## Your goal:
Copy out all the lines of the data precisely, omitting any pictures.

## Given material:

<<<<

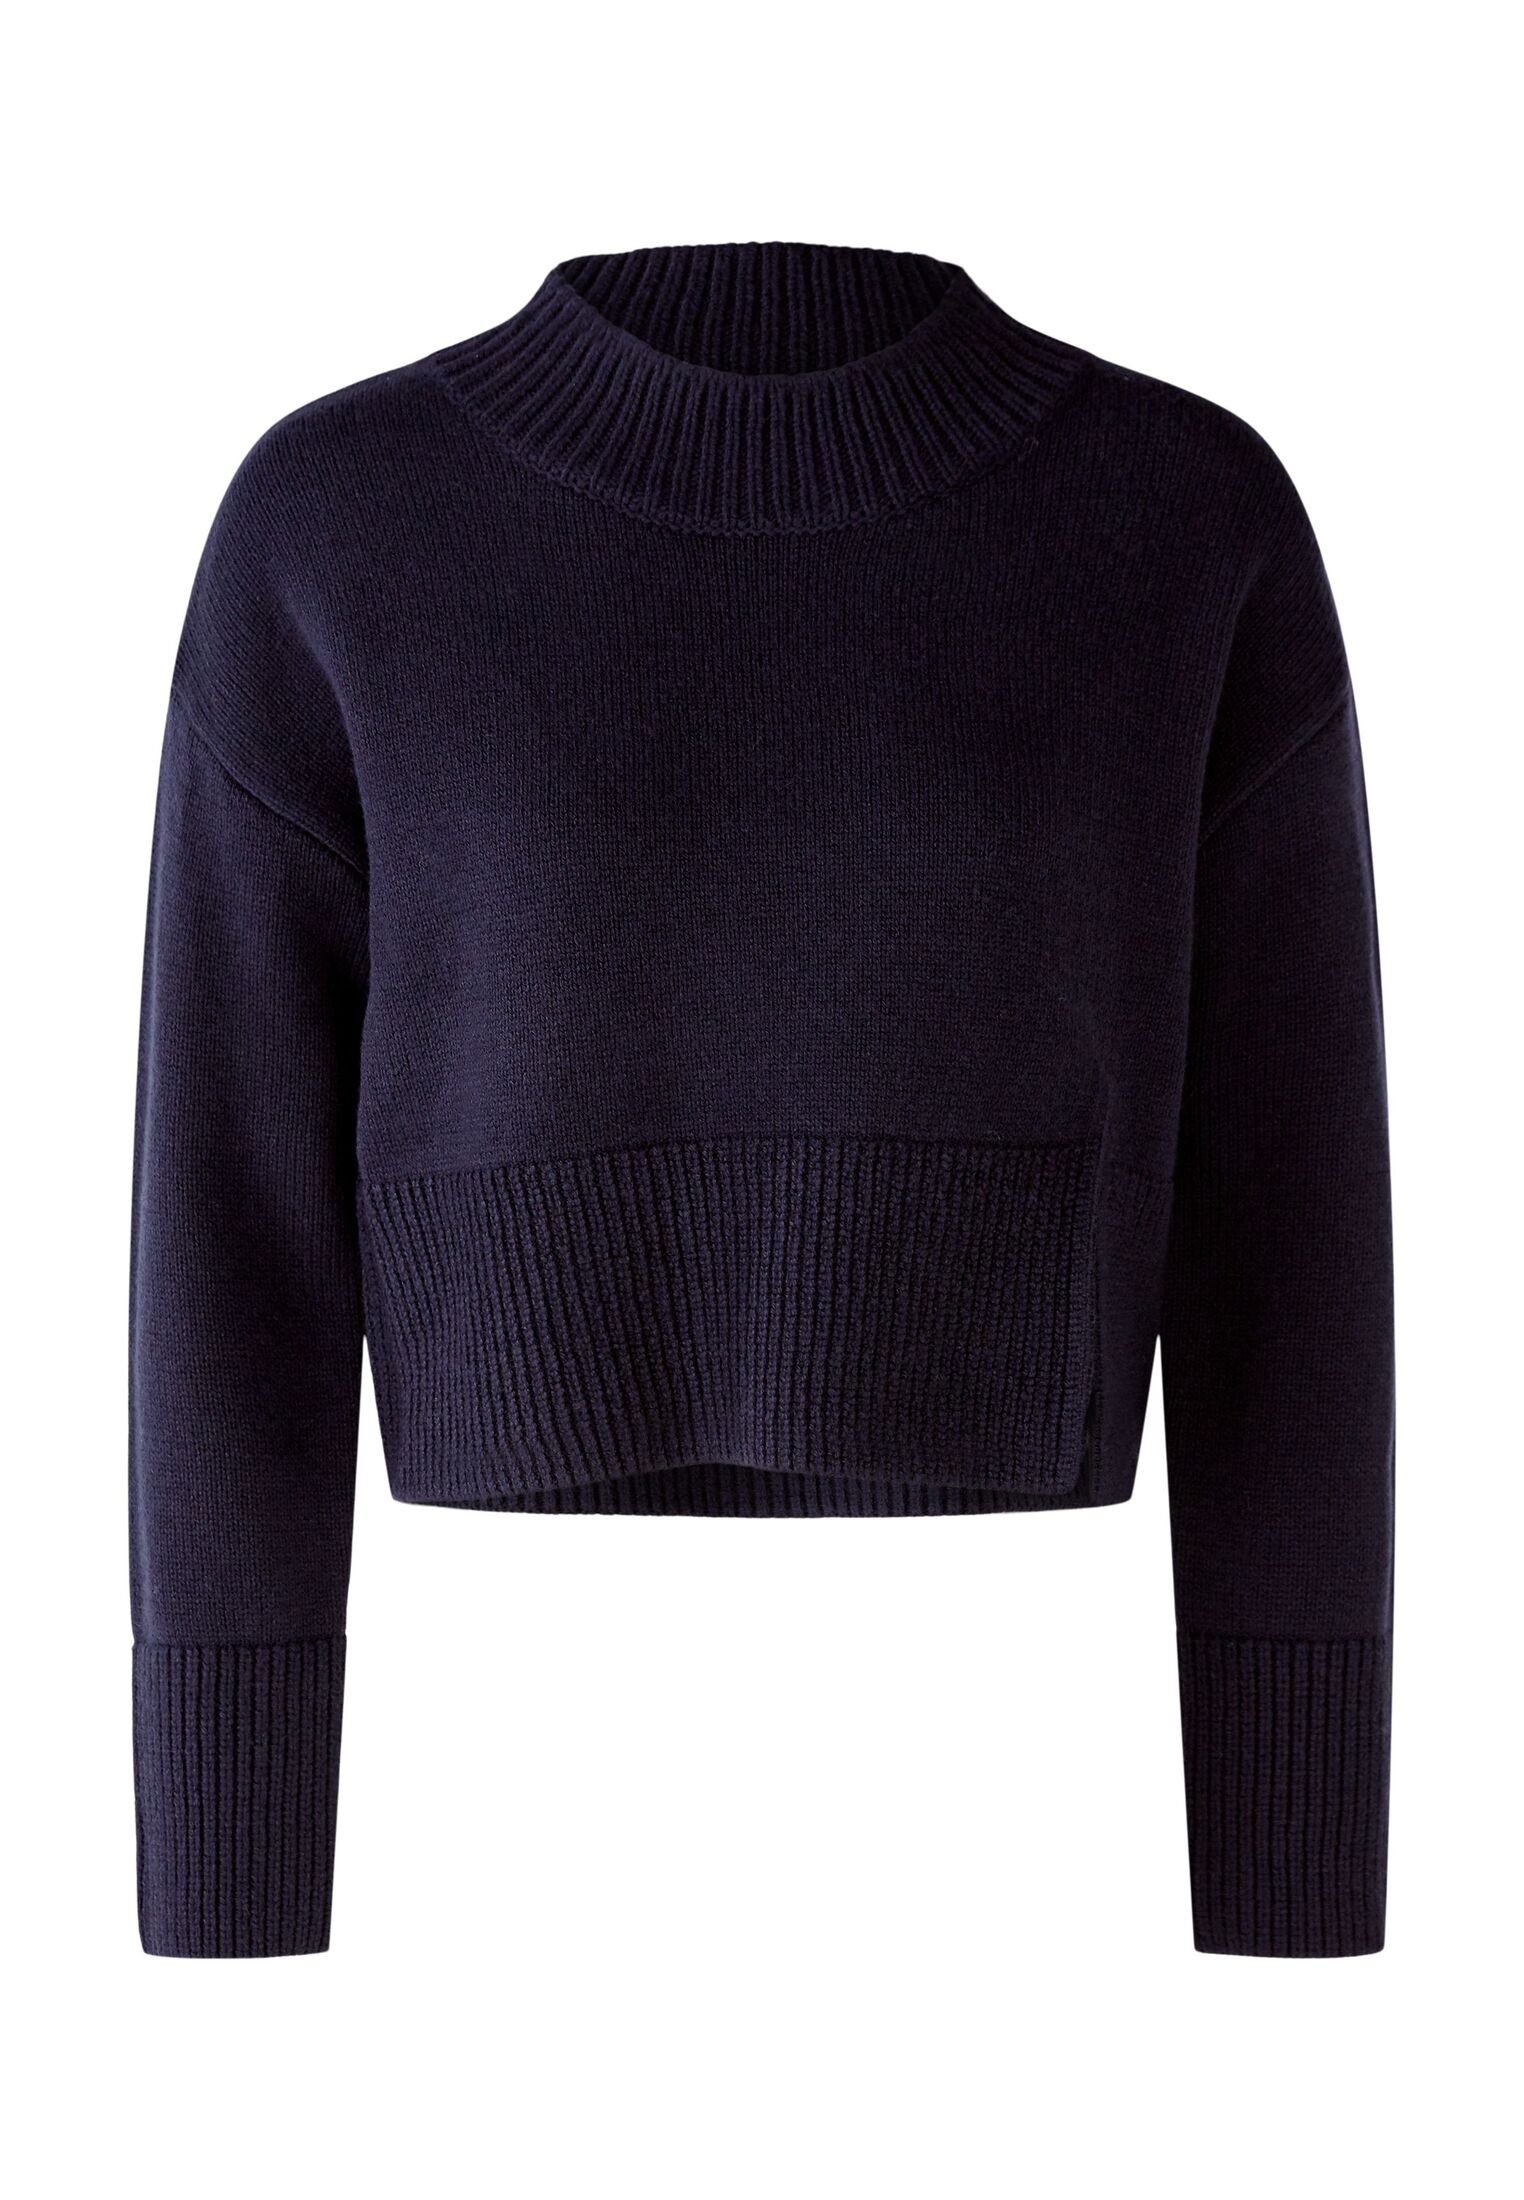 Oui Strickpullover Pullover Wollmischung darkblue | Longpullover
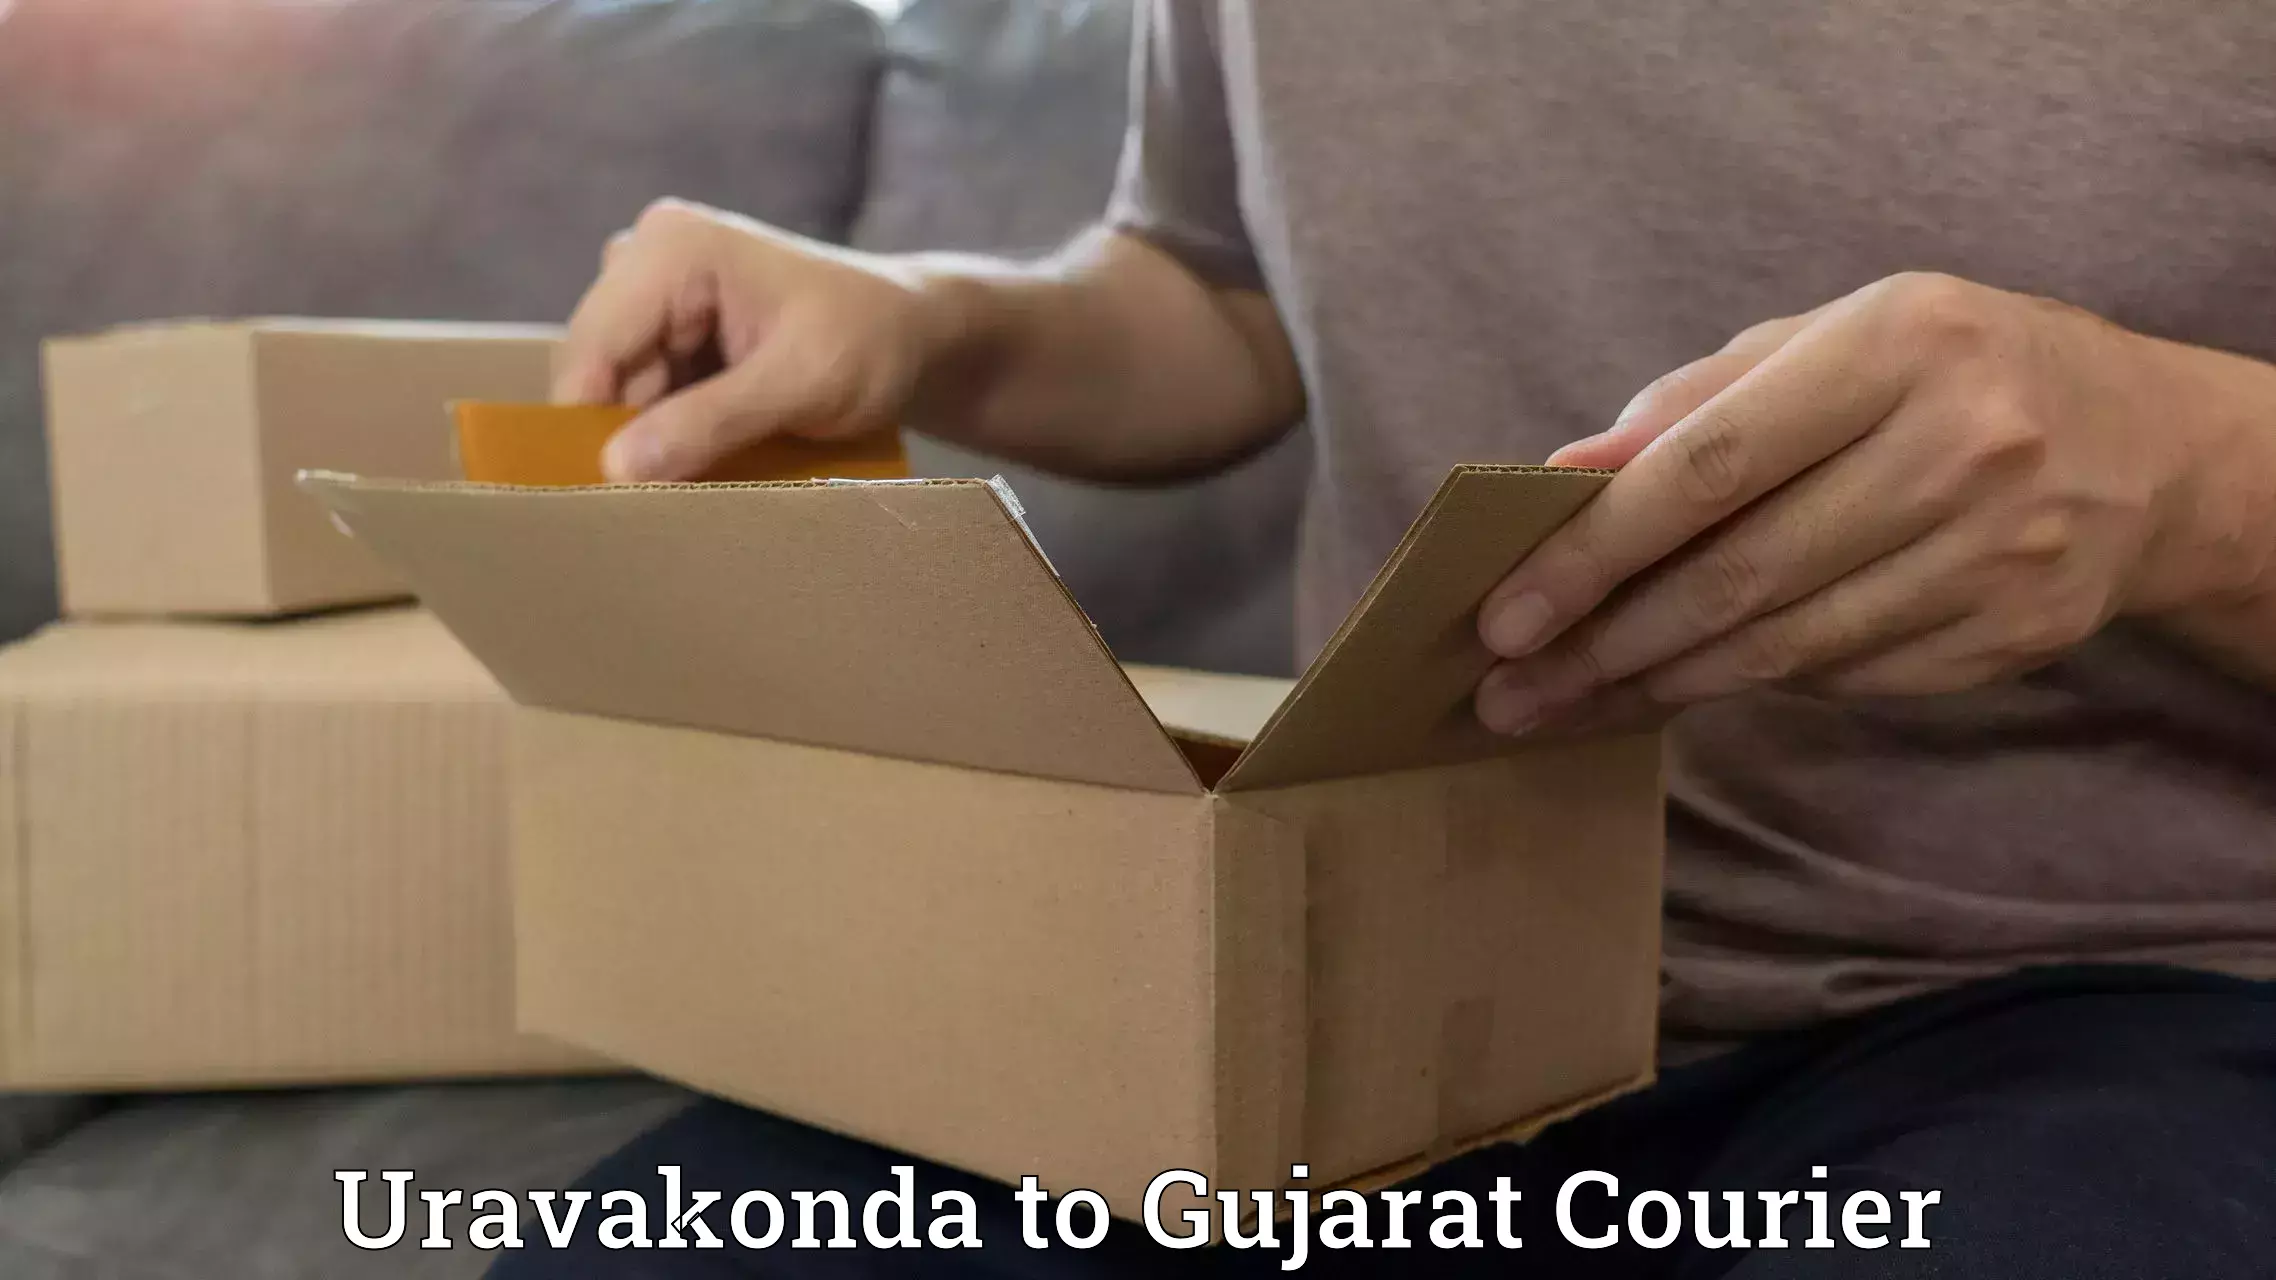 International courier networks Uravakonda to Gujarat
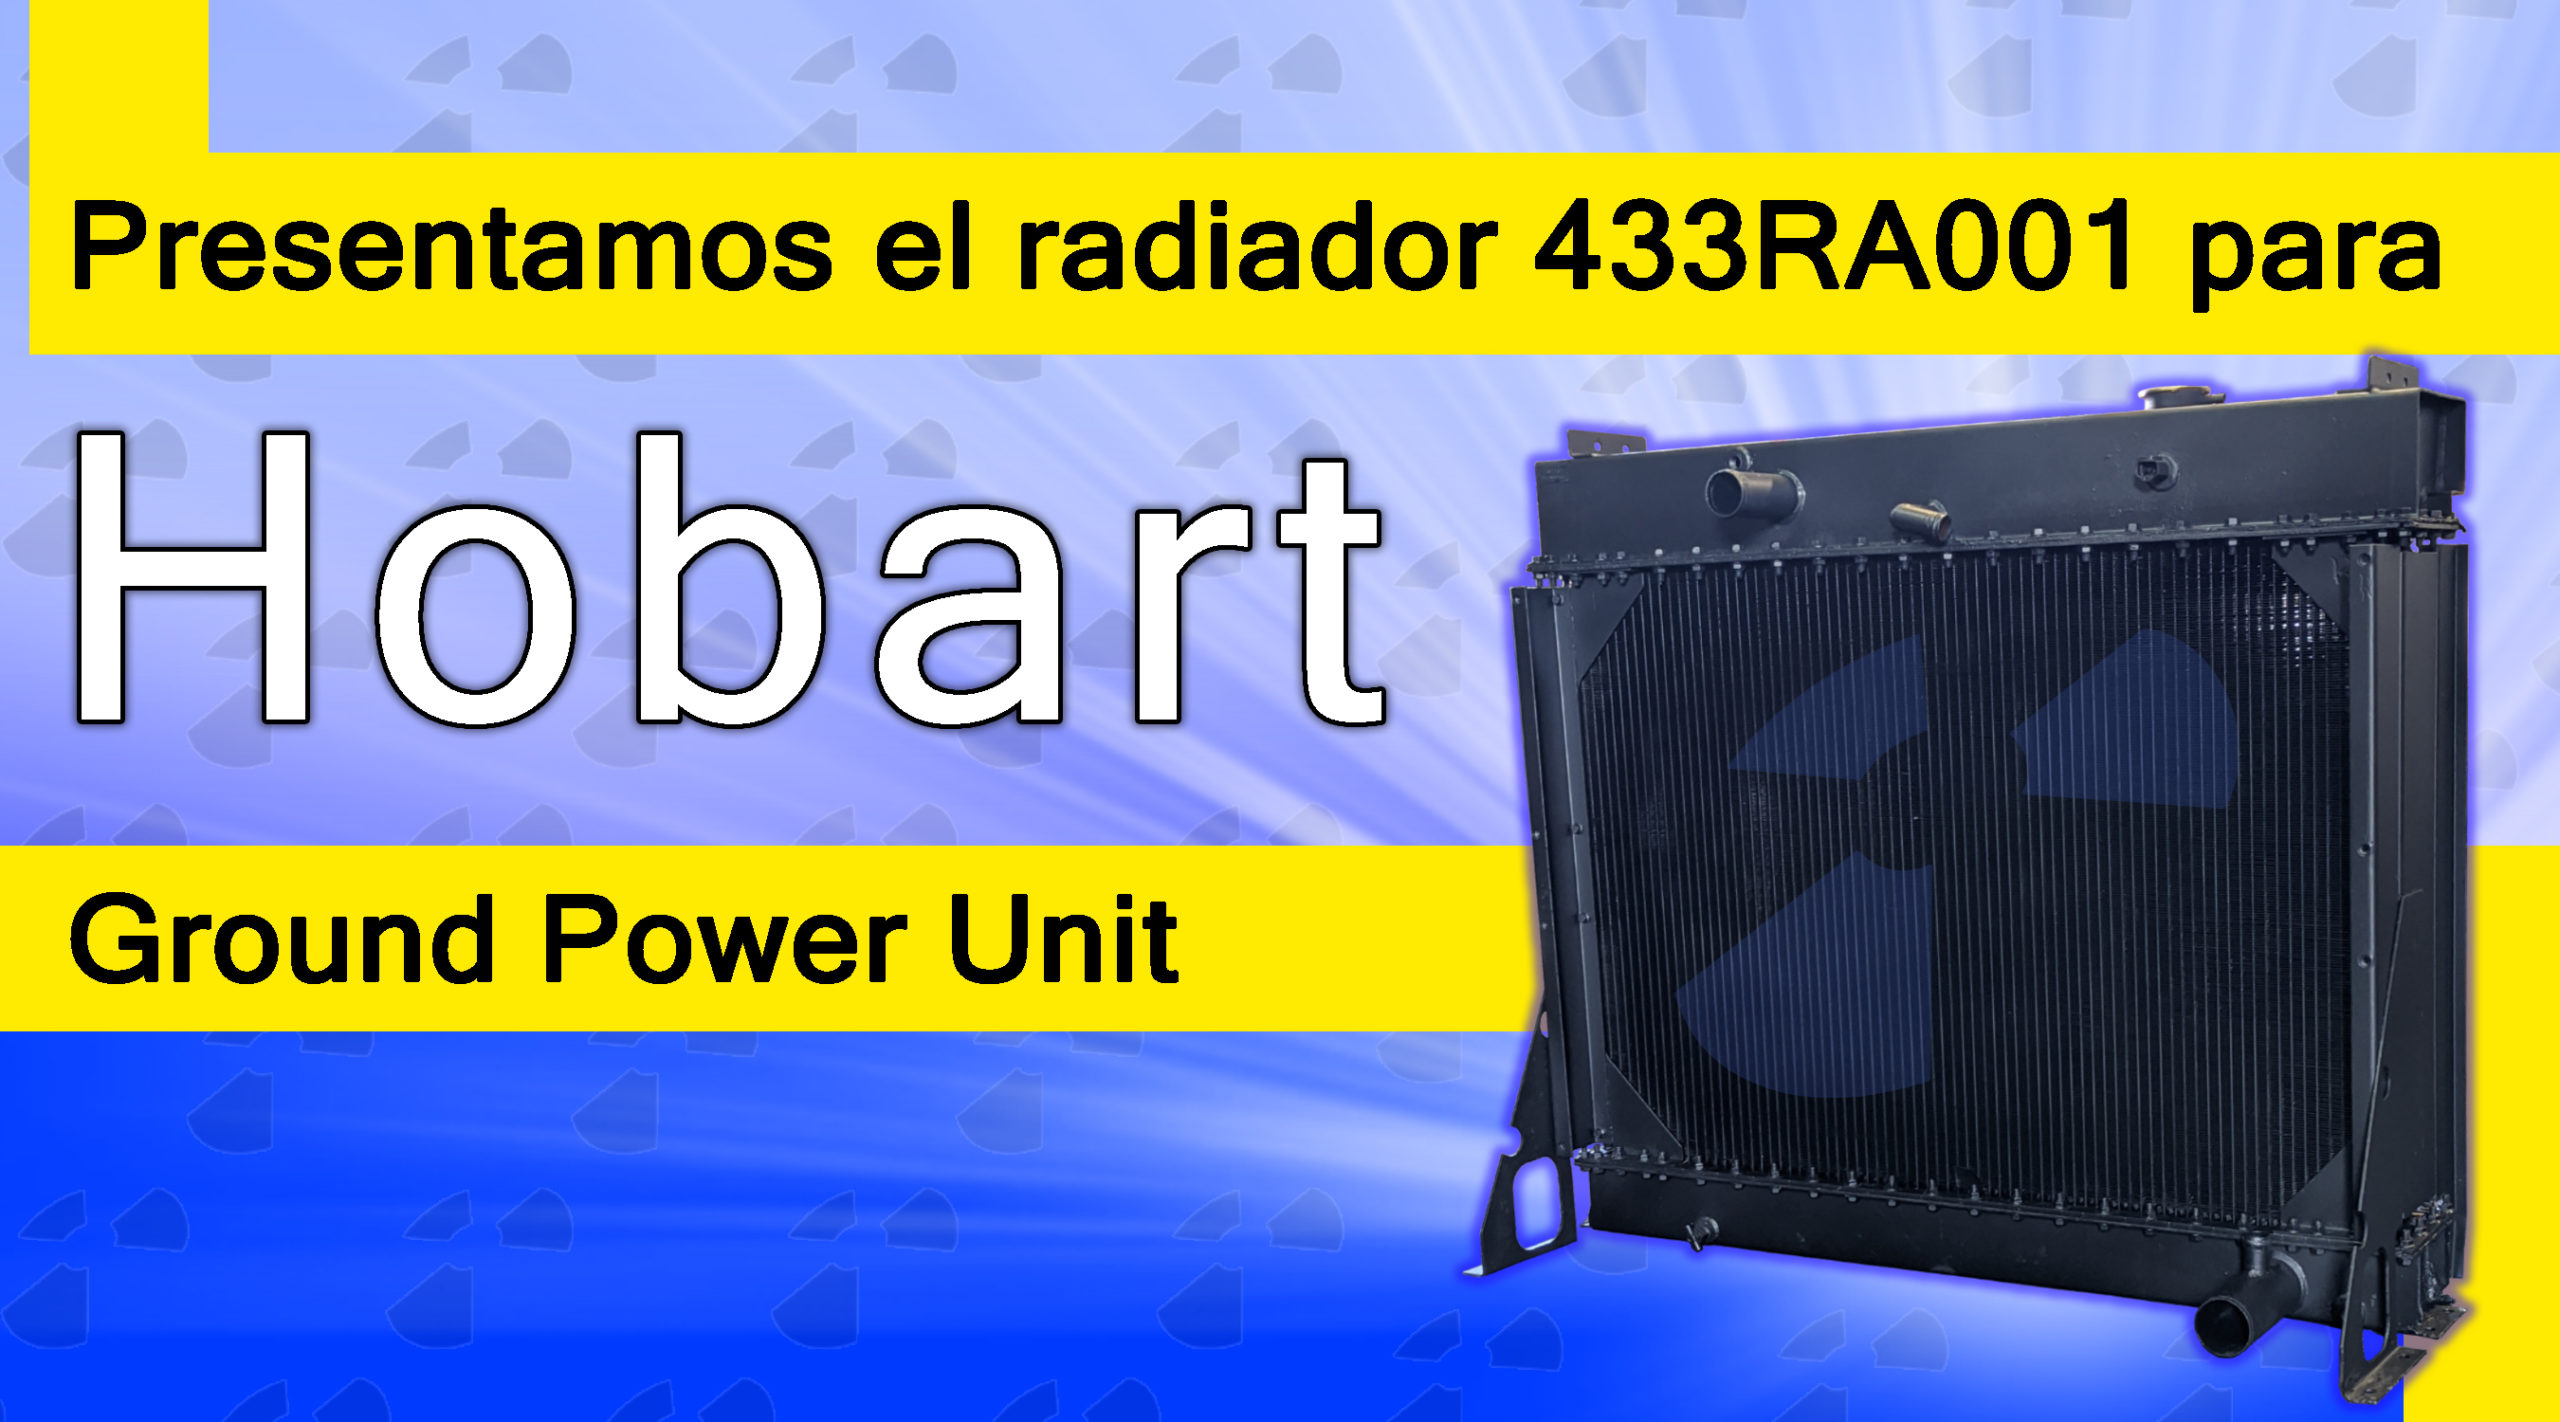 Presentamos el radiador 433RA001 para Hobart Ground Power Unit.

>>>>

## Exercise answer:
 Oui Strickpullover Pullover Wollmischung darkblue | Longpullover
 International courier networks Uravakonda to Gujarat
 Presentamos el radiador 433RA001 para Hobart Ground Power Unit.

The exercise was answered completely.